Understaffed to save money with a huge backlog, insane deadlines, cut corners, and massive scope creep. So what's his point?

Re:It's not underresourced

[lgw]

That assumes it's not possible to get software right. For a small enough code base (and 500k lines of code it pretty small), that's simply not true. The most robust solution is a monoculture around a bug-free product.

The problem is that getting there takes a lot of manpower for some pretty boring work, and that takes funding. But the funding required is pretty trivial on the scale of the companies who depend on OpenSLL. This is the kind of product where Google et al should fund hiring every security expert that there is in the world to independently crawl the code, fizz test, all the usual tricks. Then offer a $1 million bug bounty. Same for SSH. It's pathetic that we can't get this basic plumbic right, when it's just a matter of resources, and damn cheap on the scale of the companies to which it matters.

If we has an NSA that actually did it's original, defensive job we'd have this done already at taxpayer expense (and money well spent, for once), but we see that's simply not possible, so it's up to the private sector to step up.

The problem is greed ...

[jopet]

The ones now complaining about how risky it is to rely on open-source software are exactly thos thousands of companies who just use open-source and never give anything back, usually not even provide a patch ever.
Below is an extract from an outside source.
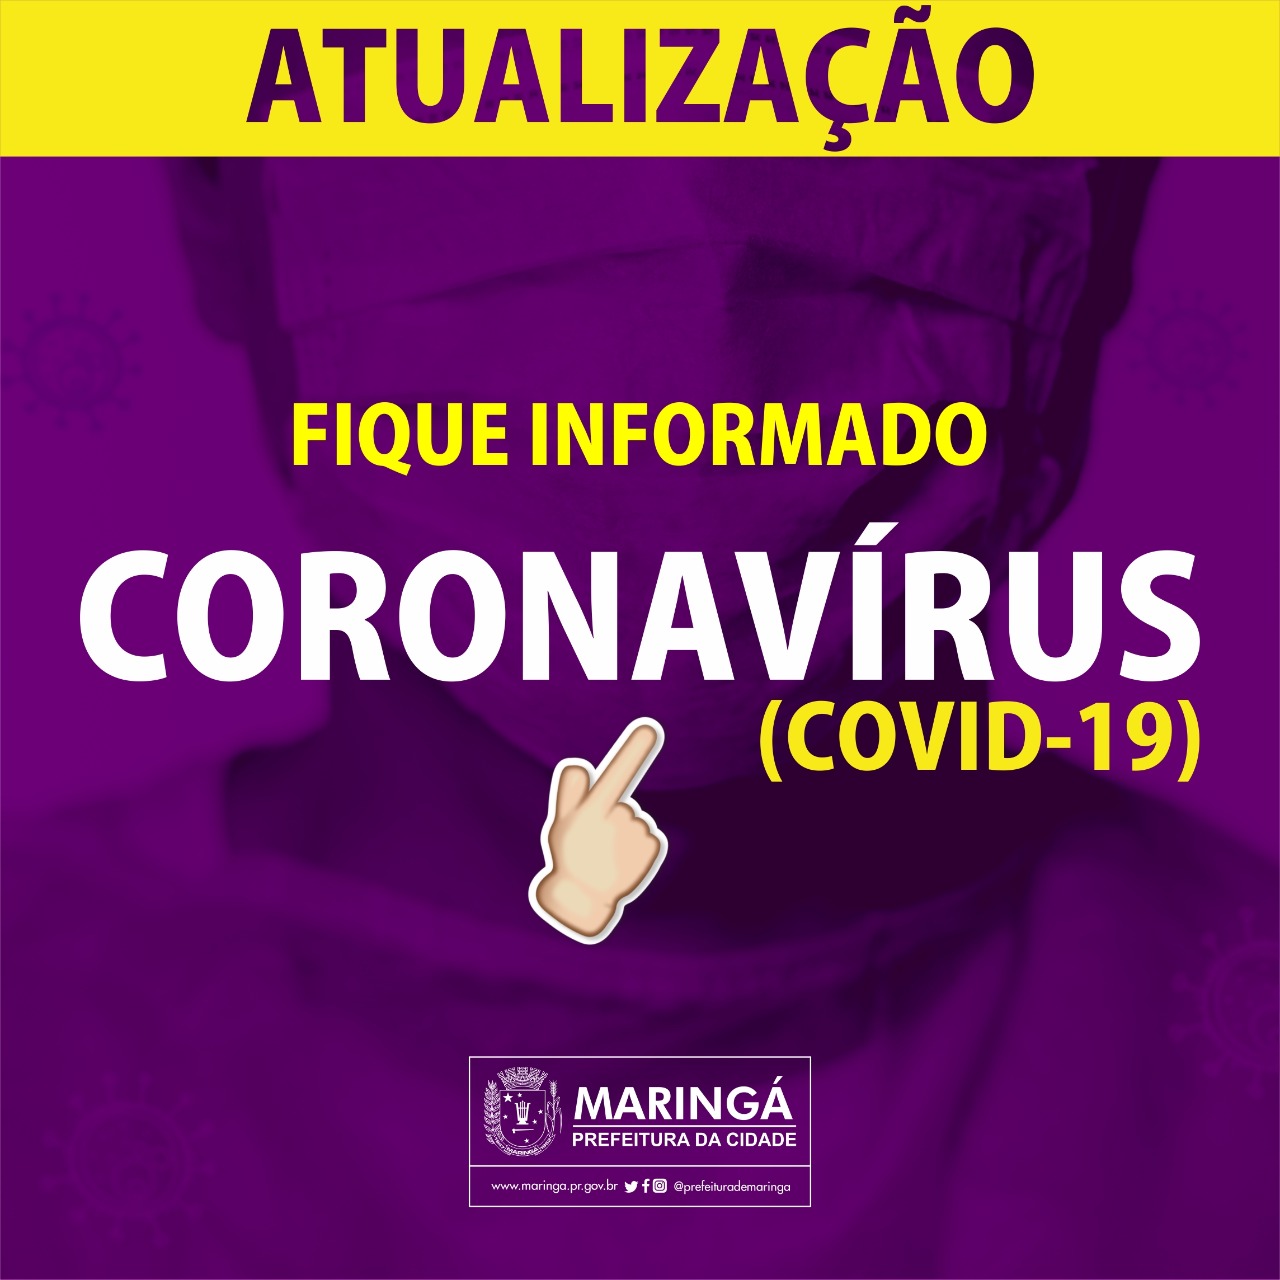 Fique por dentro das medidas de prevenção ao coronavírus em Maringá

It is not the fault of open-source it is the fault of greedy assholes who just take, never give back and then complain and bash.

Re:It's not underresourced

[Lisias]

Fragmentation is the cost of the freedom: without the rights that can lead to fragmentation, Software would never be free (neither "libre").

A fragmented community is not a software problem - it's a leadership problem: we must learn to choose better our leaders. Since people rarely agree with other - forking is the best (but not always the cheaper) way to decide who's right.